(How to complete this task): Whenever an image turns up, omit it and return the remaining data exactly.

(Data block):
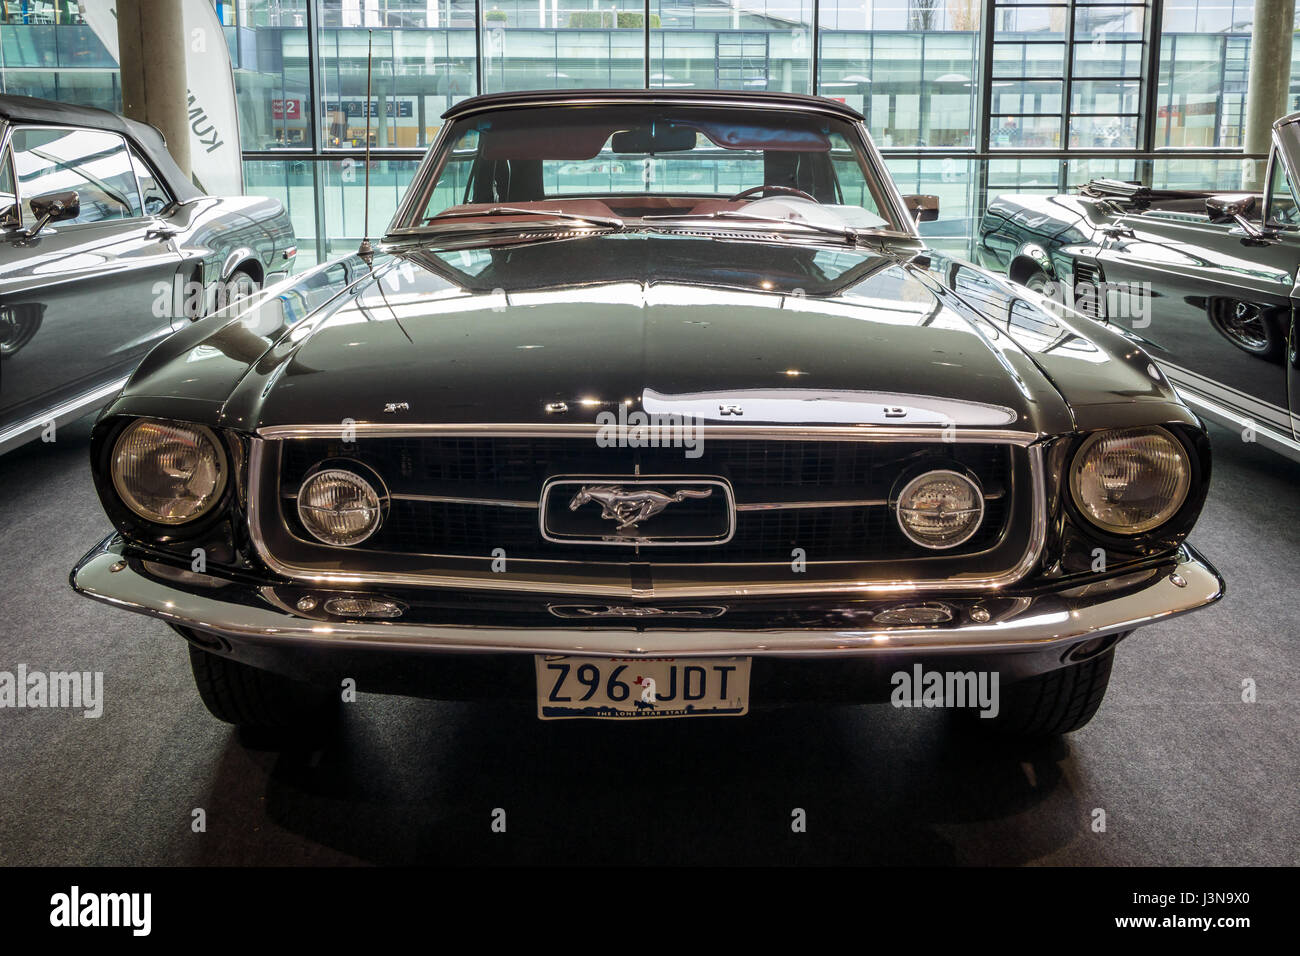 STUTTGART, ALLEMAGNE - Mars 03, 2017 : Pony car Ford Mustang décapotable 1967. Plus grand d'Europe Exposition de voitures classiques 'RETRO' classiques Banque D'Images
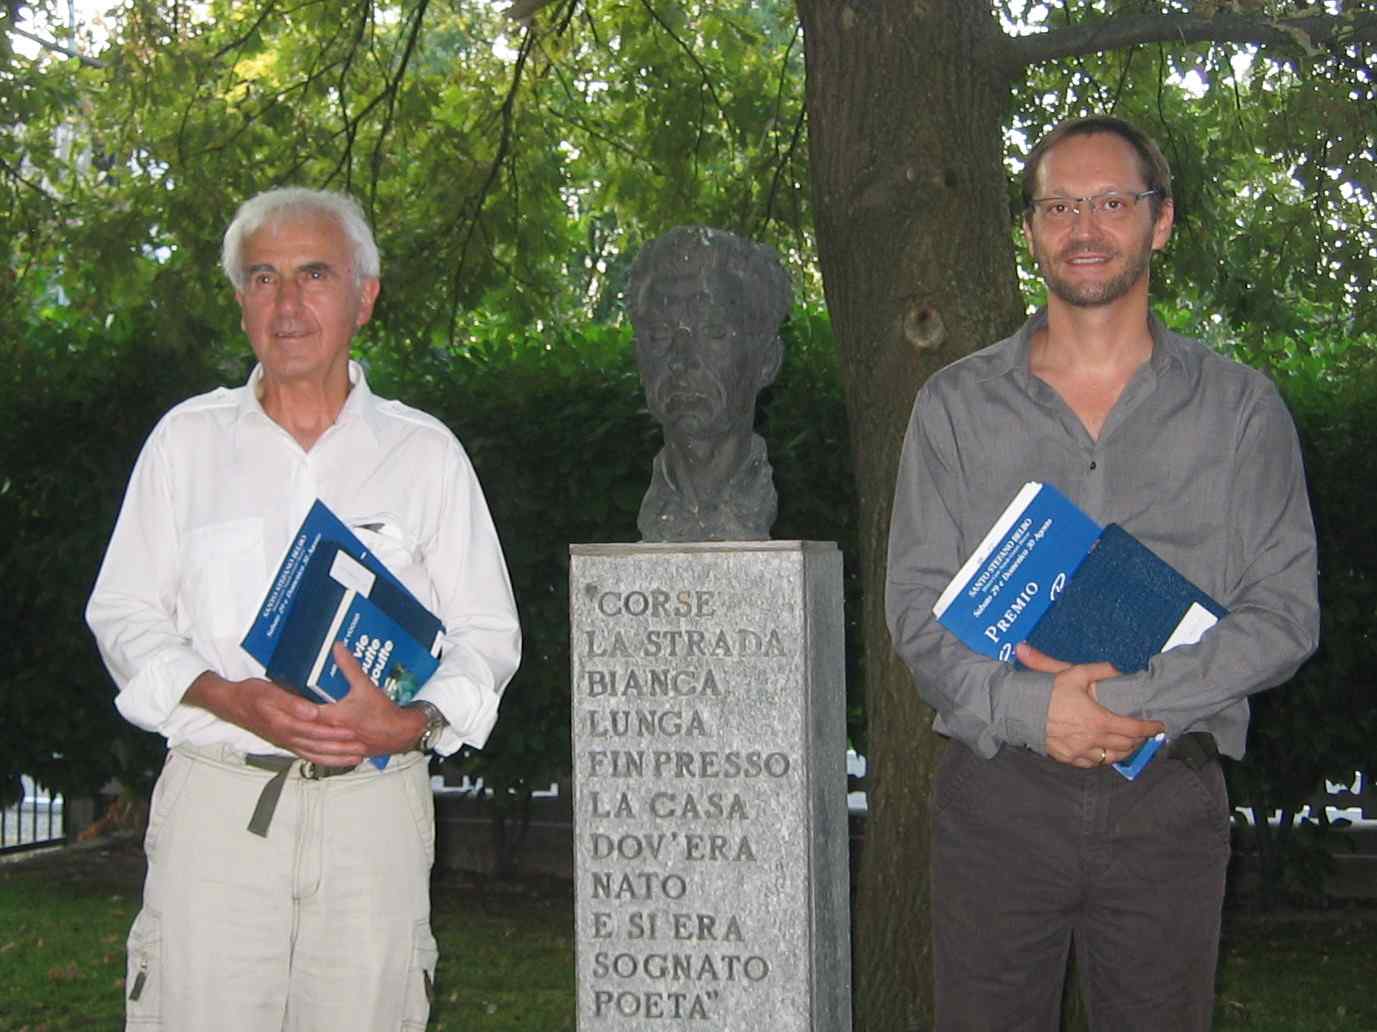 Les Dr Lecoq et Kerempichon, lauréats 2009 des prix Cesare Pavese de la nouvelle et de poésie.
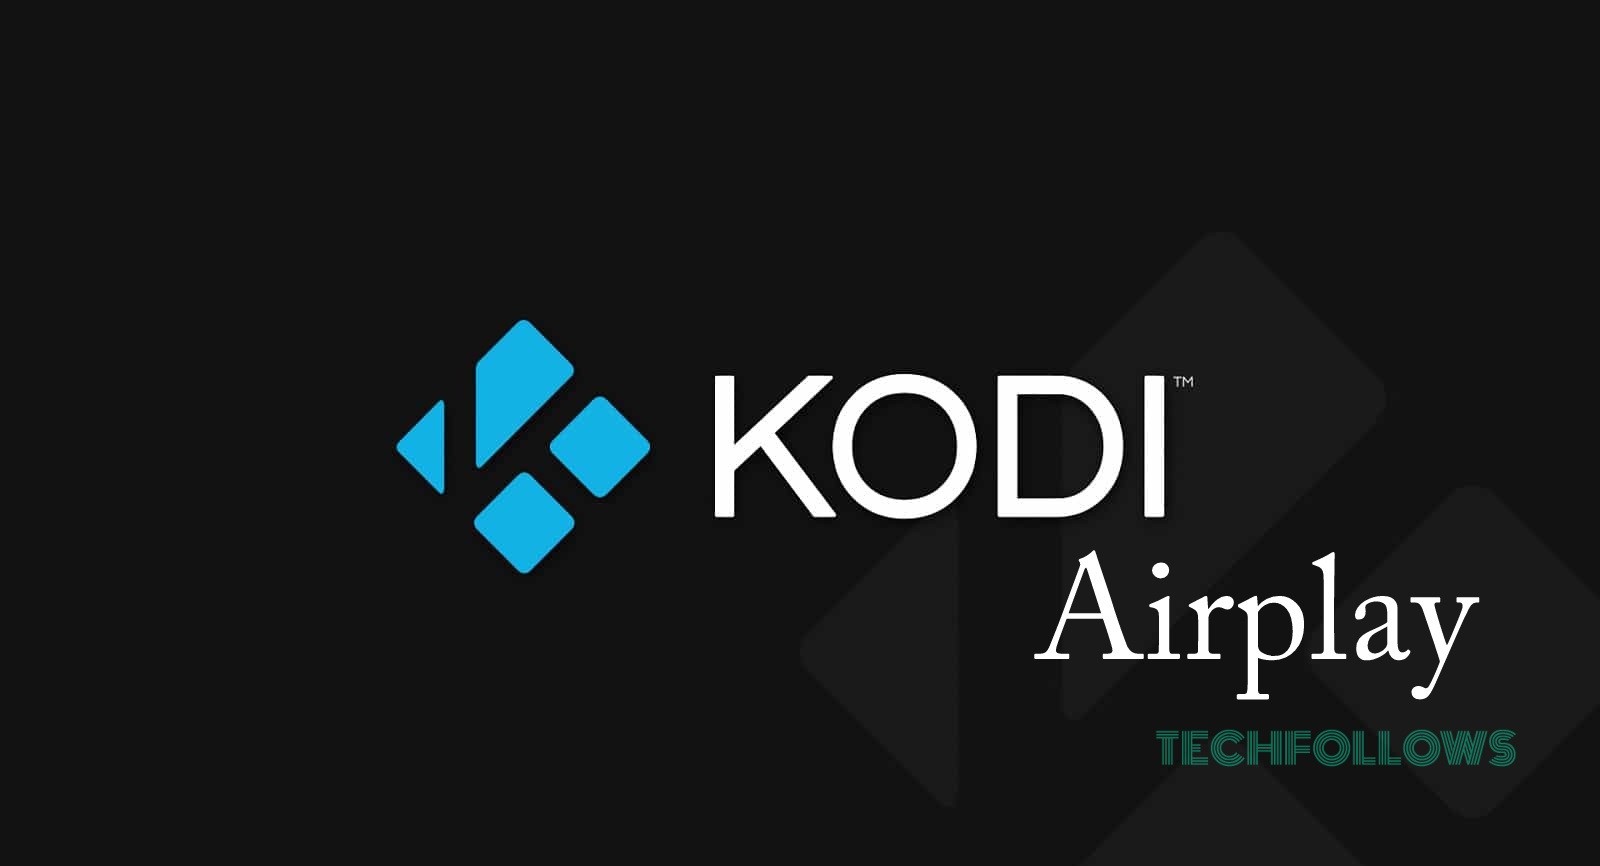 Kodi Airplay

(Reply):
 STUTTGART, ALLEMAGNE - Mars 03, 2017 : Pony car Ford Mustang décapotable 1967. Plus grand d'Europe Exposition de voitures classiques 'RETRO' classiques Banque D'Images
 Les Dr Lecoq et Kerempichon, lauréats 2009 des prix Cesare Pavese de la nouvelle et de poésie.
 Kodi Airplay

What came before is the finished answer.